Note: you may need to restart the kernel to use updated packages.
Note: you may need to restart the kernel to use updated packages.


In [2]:
# https://stackoverflow.com/questions/63142182/to-what-extent-does-google-colab-support-python-typing

from IPython.core.magic import register_cell_magic
from IPython import get_ipython
from mypy import api

@register_cell_magic
def mypy(line, cell):
  for output in api.run(['-c', '\n' + cell] + line.split()):
    if output and not output.startswith('Success'):
      raise TypeError(output)

  get_ipython().run_cell(cell)

In [3]:
from dataclasses import dataclass, field
from enum import Enum

from openai import OpenAI
from openai.types.chat import (
    ChatCompletionMessage,
    ChatCompletionSystemMessageParam,
    ChatCompletionUserMessageParam,
    ChatCompletionAssistantMessageParam,
    ChatCompletionToolMessageParam,
    ChatCompletionFunctionMessageParam,
  )

from openai.types.chat.completion_create_params import ResponseFormat
from openai._types import NotGiven

from dotenv import dotenv_values

# WANDB = False

# if WANDB:
#   from wandb.integration.openai import autolog
#   autolog({"project": "First RAG App"})

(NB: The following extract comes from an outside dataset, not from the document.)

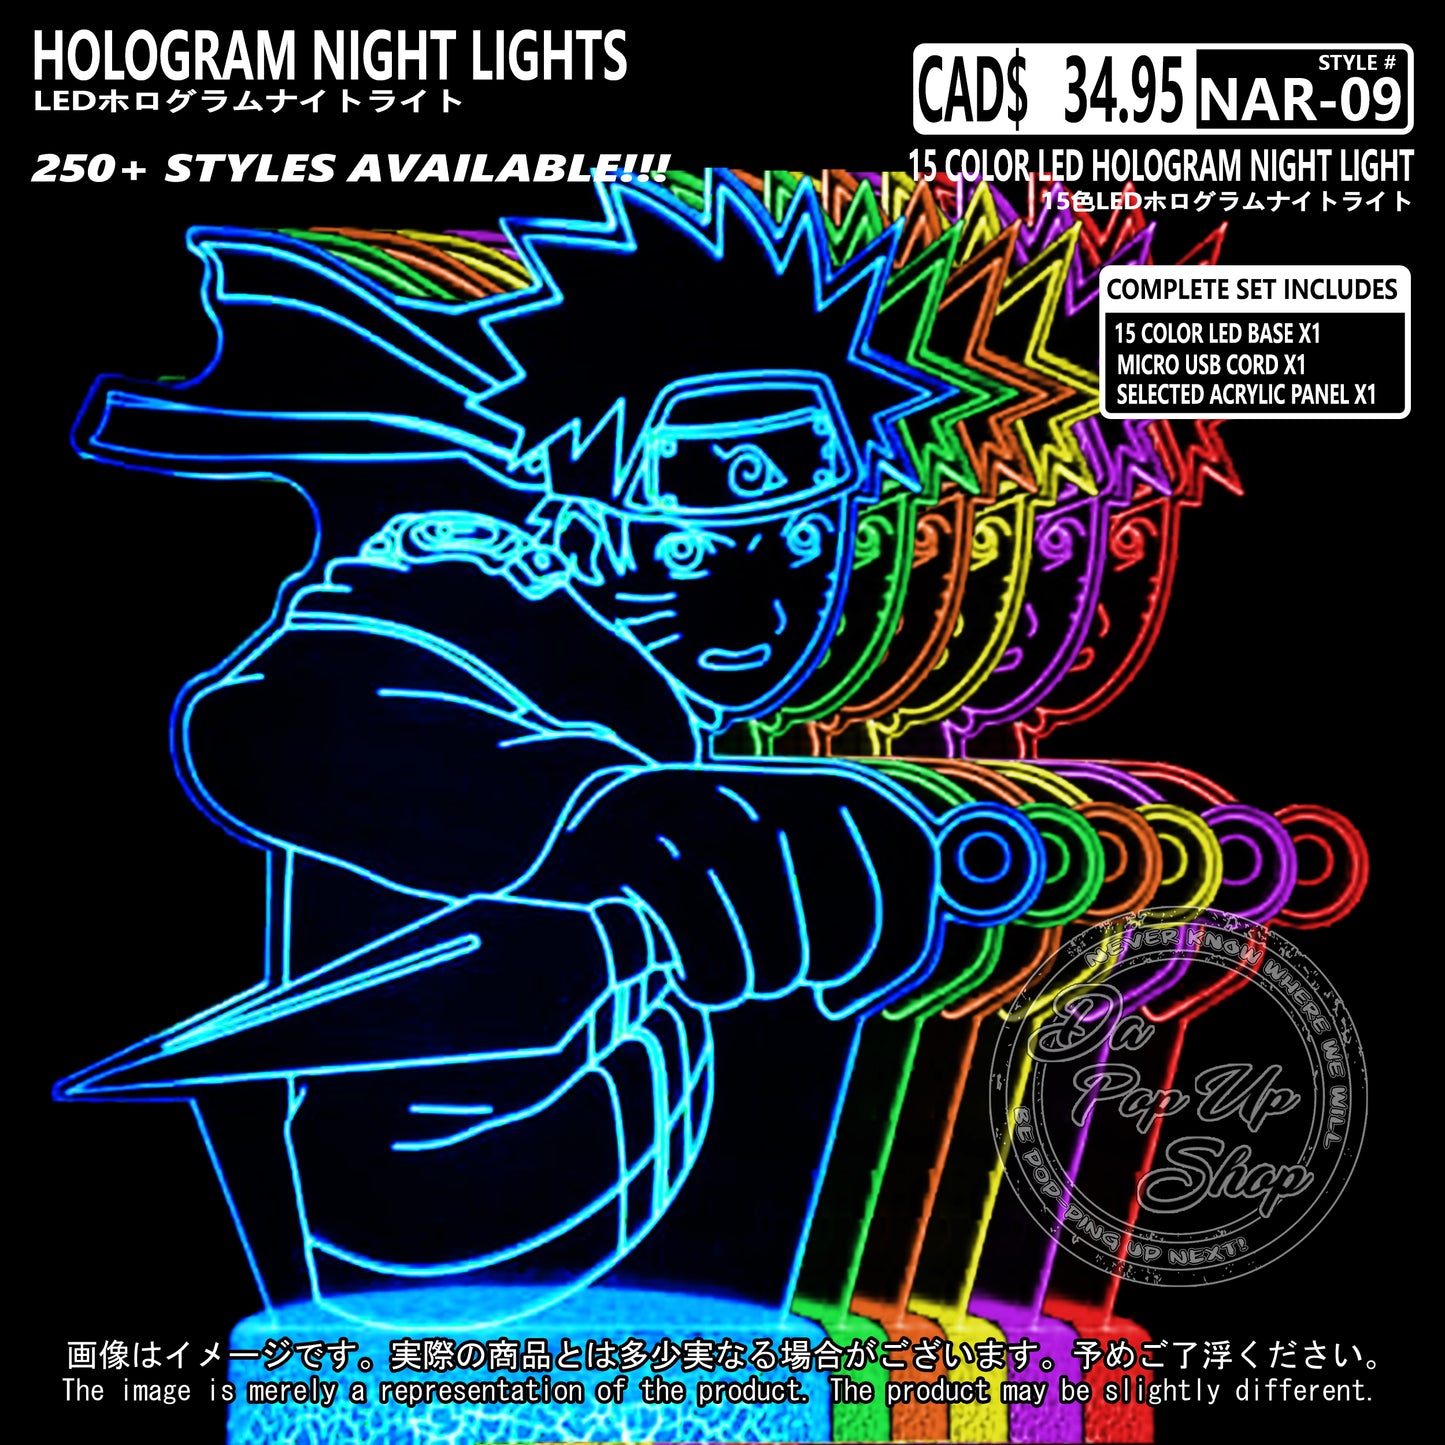 (NAR-09) Naruto Hologram LED Night Light

client = OpenAI(api_key=dotenv_values("../.env")["OPENAI_API_KEY"])

RawConversationMessage = ChatCompletionSystemMessageParam | ChatCompletionUserMessageParam | ChatCompletionAssistantMessageParam | ChatCompletionToolMessageParam | ChatCompletionFunctionMessageParam

class Role(Enum):
  System = "system"
  User = "user"
  Assistant = "assistant"
  Tool = "tool"

class AiModel(Enum):
  Gpt3_5Turbo = "gpt-3.5-turbo"

class AssistantTool(Enum):
   CodeInterpreter = "code_interpreter"
   FileSearch = "file_search"
   Function = "function"

@dataclass(frozen=True, order=True, slots=True)
class Message():
  role: Role
  content: str

  def into(self) -> RawConversationMessage:
    return {"role": self.role.value, "content": self.content} # type:ignore

  @classmethod
  def from_raw(cls, raw: ChatCompletionMessage) -> "Message":
    return cls(Role(raw.role), raw.content or "")

def system(message: str) -> Message:
  return Message(Role.System, message)

def user(message: str) -> Message:
  return Message(Role.User, message)

def respond(messages: list[Message], response_format: ResponseFormat | NotGiven=NotGiven(), model: AiModel = AiModel.Gpt3_5Turbo) -> Message:
  raw_messages = [message.into() for message in messages]

  return Message.from_raw(
    client.chat.completions.create(
      model=model.value,
      messages=raw_messages,
      response_format=response_format
    ).choices[0].message
  )

@dataclass(slots=True)
class Chatbot:
    messages: list[Message] = field(default_factory=list)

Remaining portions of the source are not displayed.